In his reporting, William Broad never once identifies the MEK or NCRI as an officially designated terrorist group, which at the time they both were and had been for over a decade.
To hammer home how deliberately alarmist the claims actually were, the Times even published the article with a photograph of a smiling Mahmoud Ahmadinejad and his entourage in red hardhats emerging from what is apparently supposed to resemble a steel-reinforced underground lair. Yet the photo is wholly unrelated to any of the allegations made within the report.

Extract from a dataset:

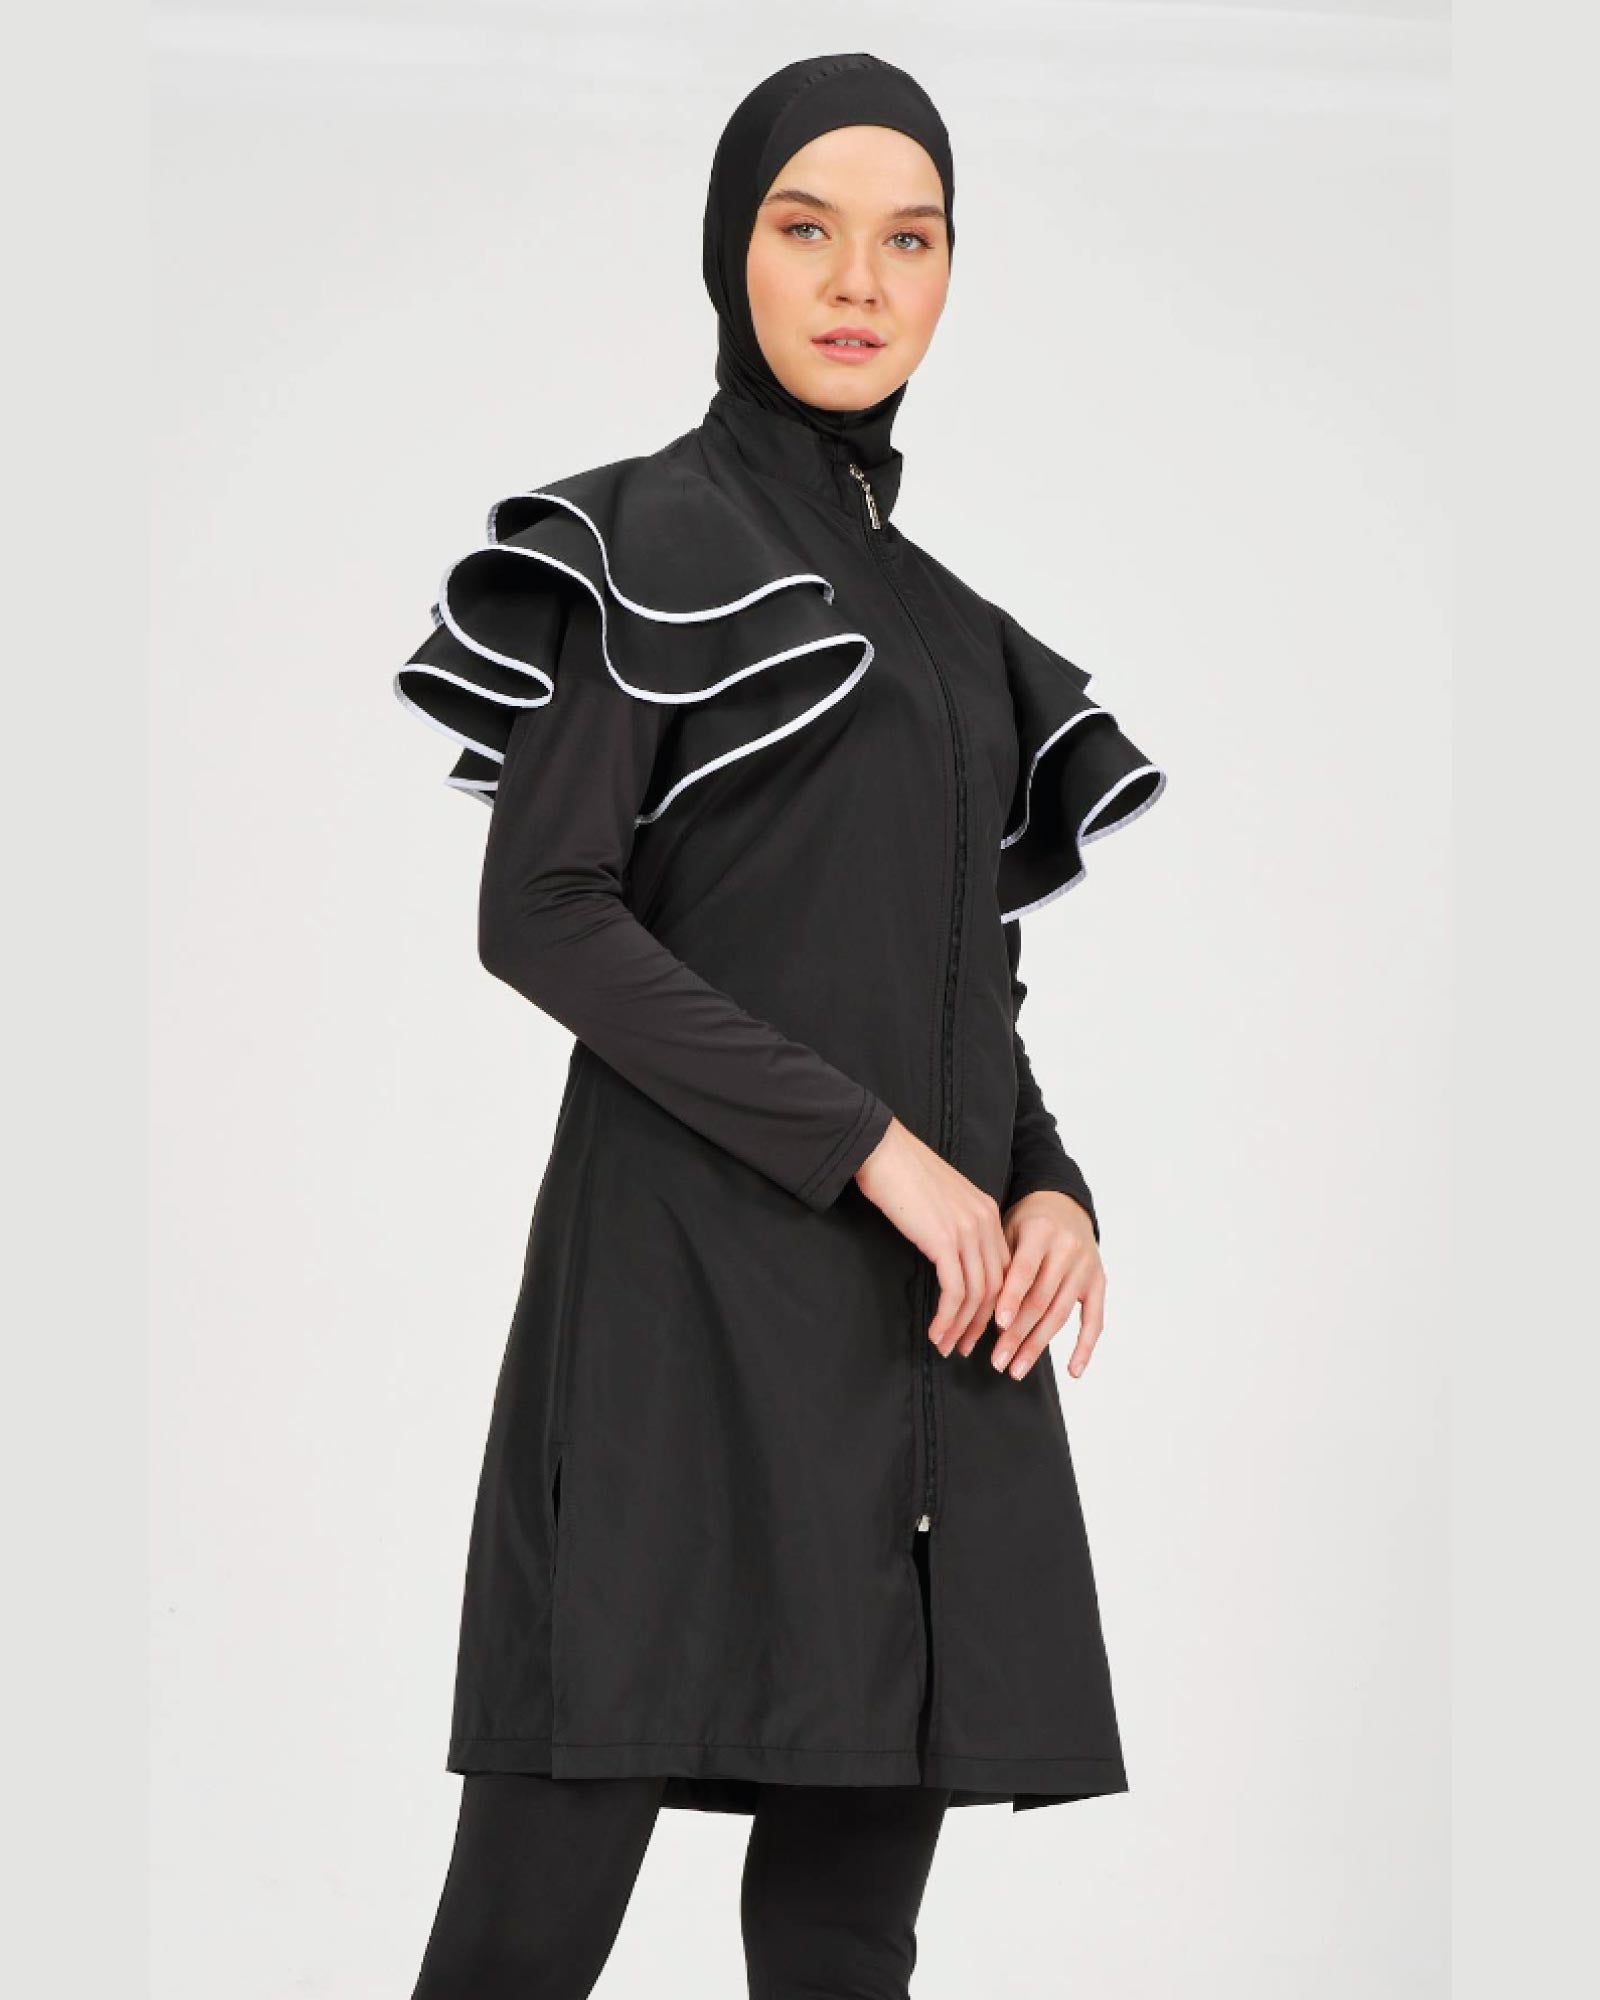 Hijab-Badeanzug mit Rüschendetail an der Schulter 4er Set
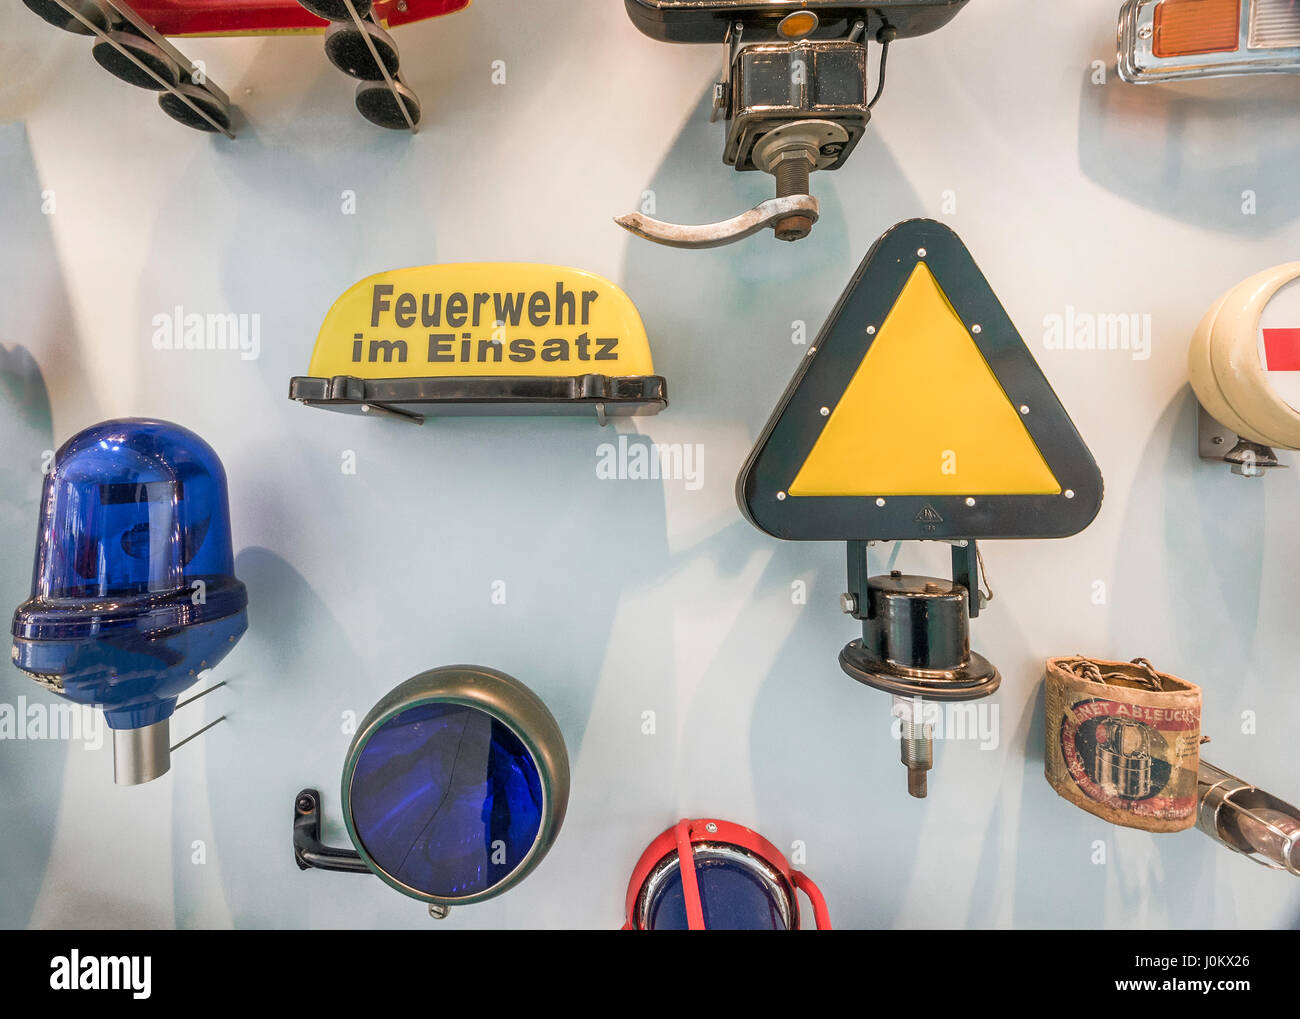 Accessoires de voiture à l'exposition du musée Mercedes Benz Photo

The caption beneath of the picture reads, “President Mahmoud Ahmadinejad of Iran, center, at a highway tunnel near Tehran. Much of Iran’s atomic work is also in tunnels.”

Yes, that really happened. Fit to print, indeed.
The focus on Iranian tunnels leads inevitably to discussion of American military capabilities and the challenges faced by less vulnerable facilities. Broad, in his 2010 report, noted that the “Pentagon is racing to develop a deadly tunnel weapon” for such circumstances. That weapon has since been completed and tested, but has not been sold to Israel for fear it might be used without American authorization.
Clearly, the MEK’s latest revelations are recycled claims and, like before, are essentially allegations based on vague intelligence leaked to the group by American officials. The MEK merely acts as a laundering service for the unproven accusations of its handlers in the United States and Israel.
Unfortunately, the mainstream press – even when skeptical about the information – continues to dutifully provide a platform for such propaganda and fear-mongering by publishing such accusations.